他为了供养濡女,将应该养护灵纹的气全数输送给了这个野神,使得他的灵纹后天养成有缺,根本上不了台面。
而这个时候,却听见比睿号上发出一声惊天动地地爆炸声,竟是比睿号弹药库发生自爆!
樱井规矩之左右满脸愕然,还来不及张口,比睿号就传来“嘎喳噶喳”地刺耳扭曲声,自中间部位折断开始下沉。
樱井规矩之左右还没有为天皇陛下效忠的决心,很识相地跳上了救生艇,向扶桑号划去。
林永升看着比睿号周围已经有漩涡出现,知道比睿号再无回天之日,终是闭上眼开怀大笑,身子却直直坠入水中。
惊鸢舰上水兵们的呼声他再也听不见了,但是比睿号上无数旭日人的挣扎求救声他却听得明明白白……
惊鸢舰失去指挥官同时又受伤惨重,无奈退出战场。
与次同时,平鸢舰受了松岛号和严岛号两舰夹击而受损,舰桥上已经冒起了黑烟,烟囱也跨了一个,黑烟倒灌入烟道,呛的水兵们一个个站立不稳。

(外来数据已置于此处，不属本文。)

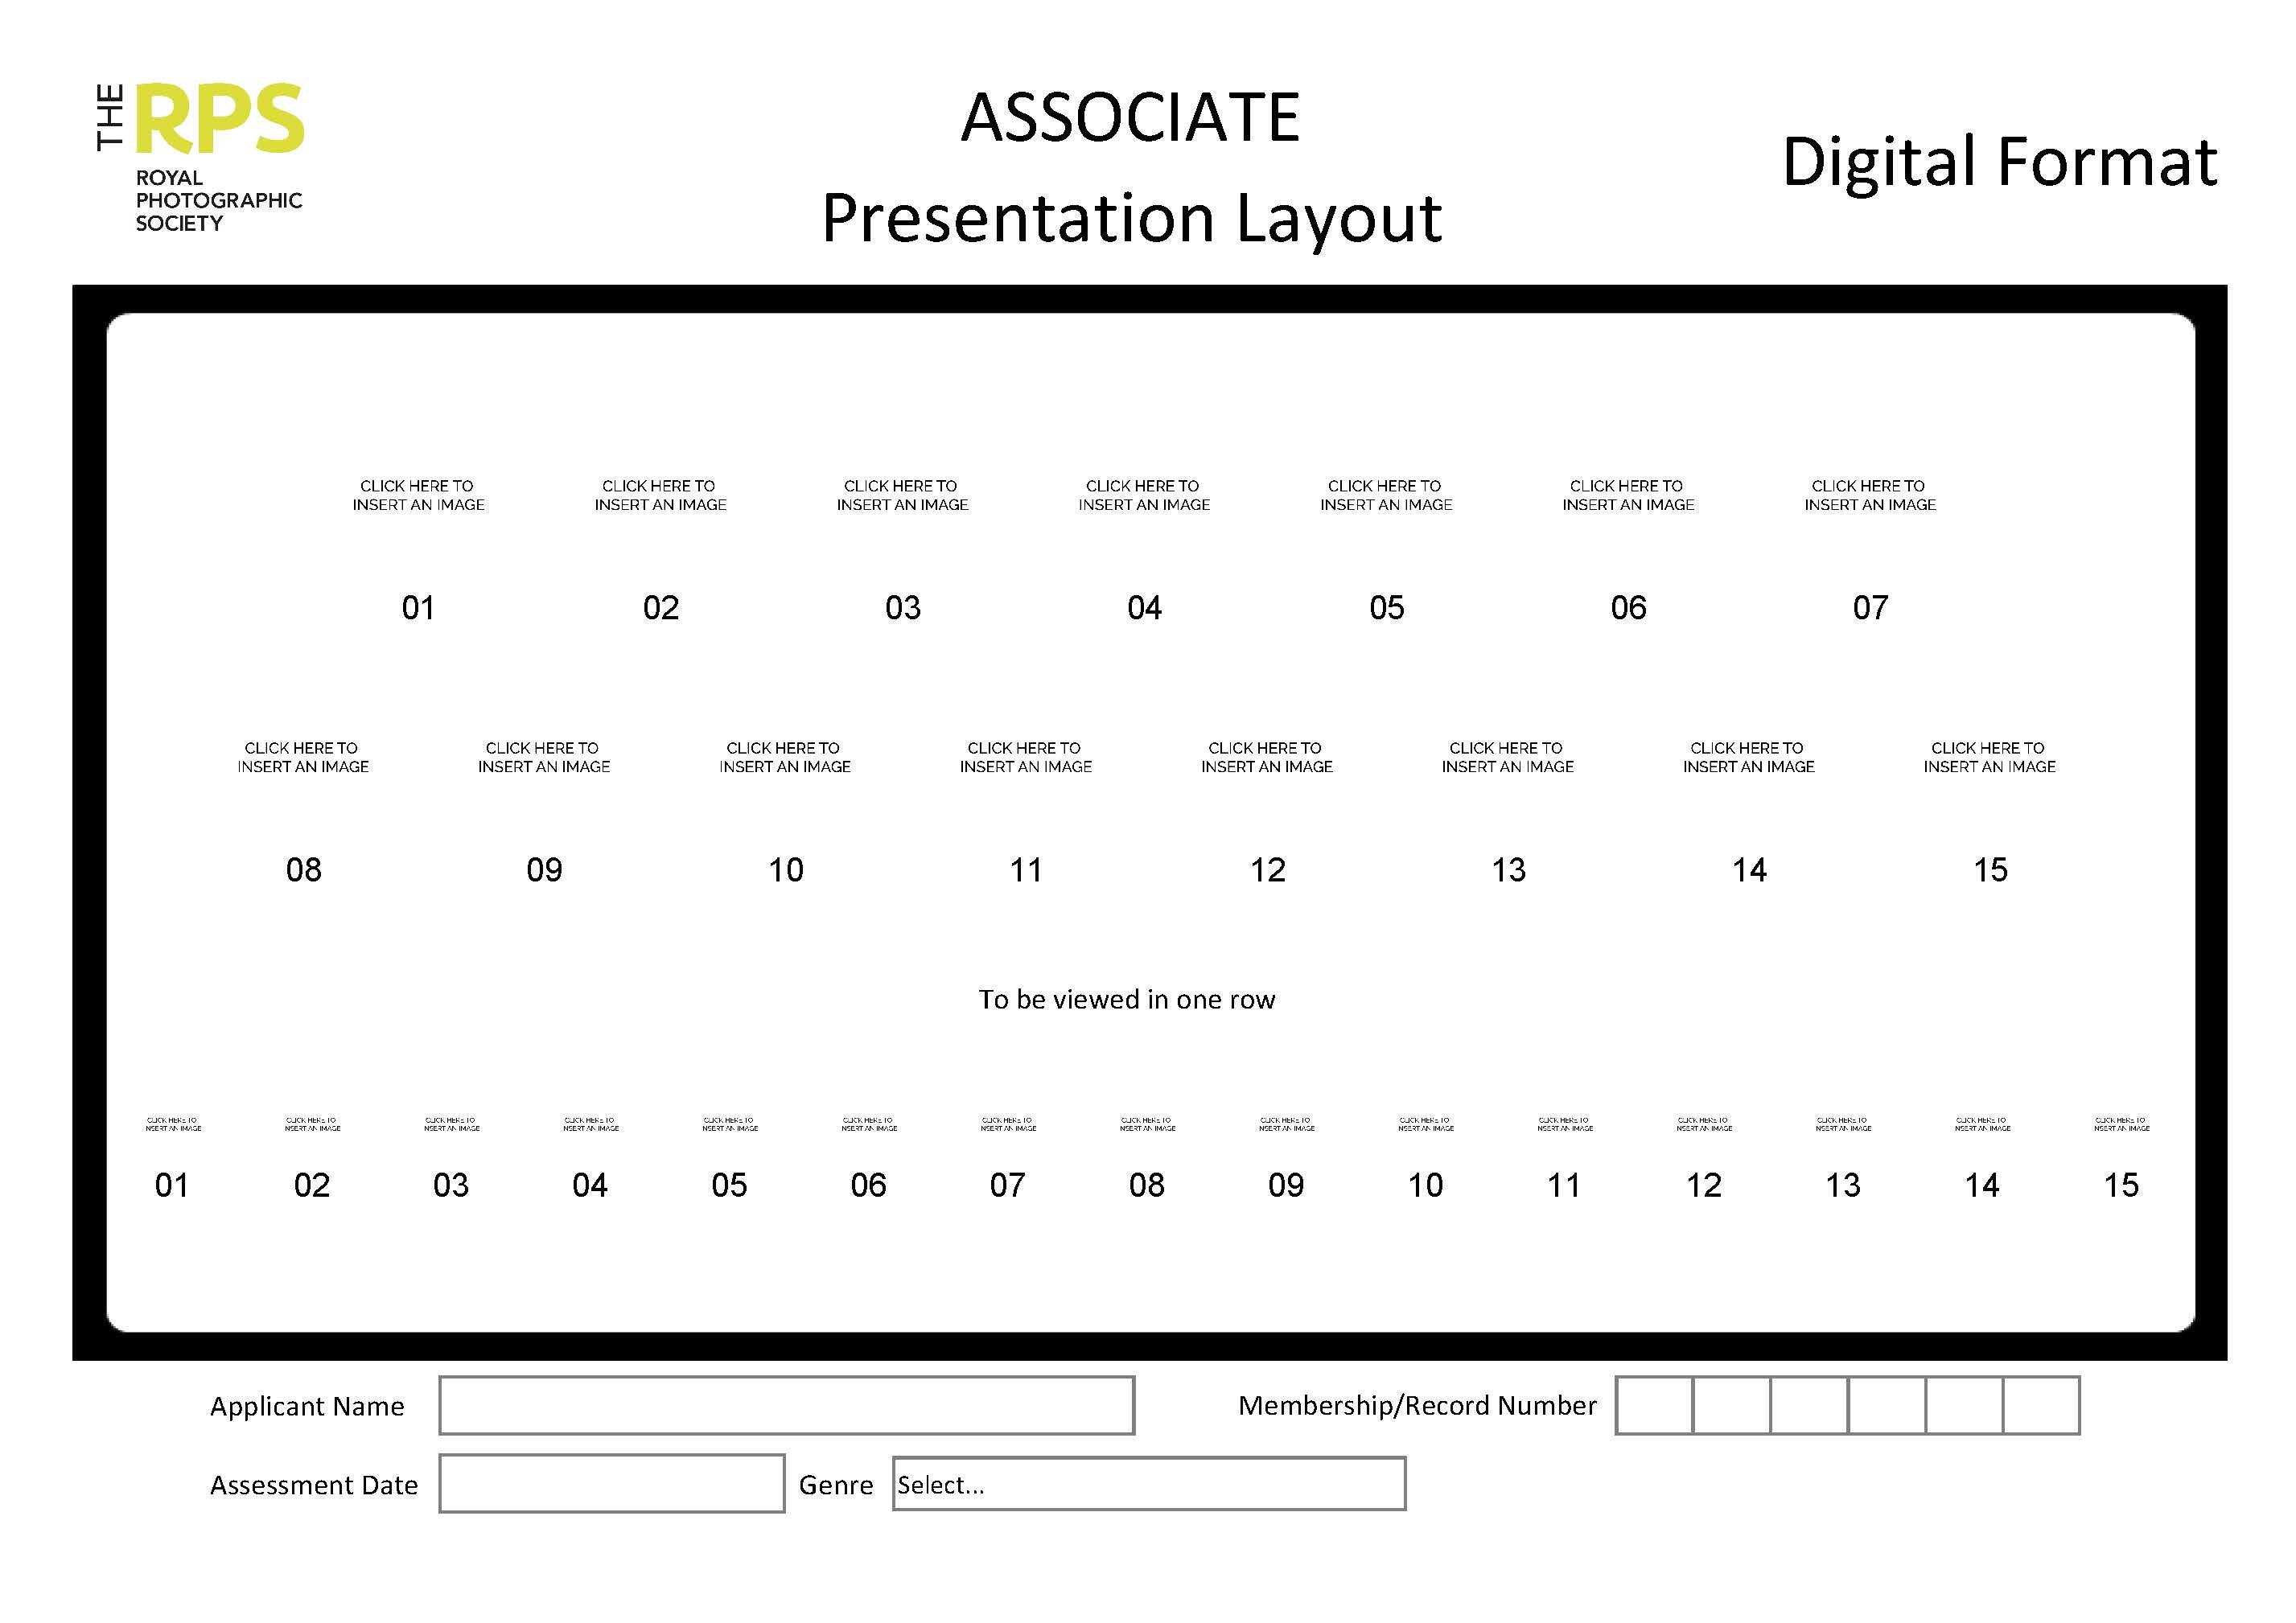 ARPS 2021 Presentation Layout 15 DIGITAL

虽然之前被平鸢舰打了个措手不及,但是此时缓过神来,两艘战舰也终于显现出其威势来,毕竟是新锐战舰,船坚炮利,平鸢舰双拳难敌四手,终于只撑不住,不得不缩回防线。
平鸢舰一退,来鸢舰也孤掌难鸣放弃了千代田号,已经快要抛锚的靖鸢舰也开始转进,这条战线已然无力抵御旭日第二舰队。
虽然第二舰队也被打得灰头土脸,但是舰艇毕竟身着厚甲,虽然舰体多有受损,但是航速还在,犹有战力。
吉野号虽沉,但清庭也折了智鸢舰,定鸢舰孤身难以与敌舰三舰抗衡,不得不徐徐后退。
旭日舰队眼见得清庭水师开始收缩阵型,更是嚣张跋扈,各舰此时也互相飞信联络,配合也有了默契。
刘步蟾手中捏着两道白色锦符,符上有朱砂掺血所制颜料绘制的密纹,花纹繁密让人看上一眼便头晕目眩。
旭日三大舰队渐渐形成合围之势,只留下一个缺口,但是谁敢后退?放心把后背露给旭日人?
吉野号已沉,现在暂时由松岛号充做旗舰。
松岛号舰长尾本知道心中充斥着莫名的激动,河源要一弃舰而走,这个时候,无论谁都看得出胜利倾向了旭日一方,而担任旗舰的却是松岛号,这份送上来的“大礼”,他怎么也要“吞下”!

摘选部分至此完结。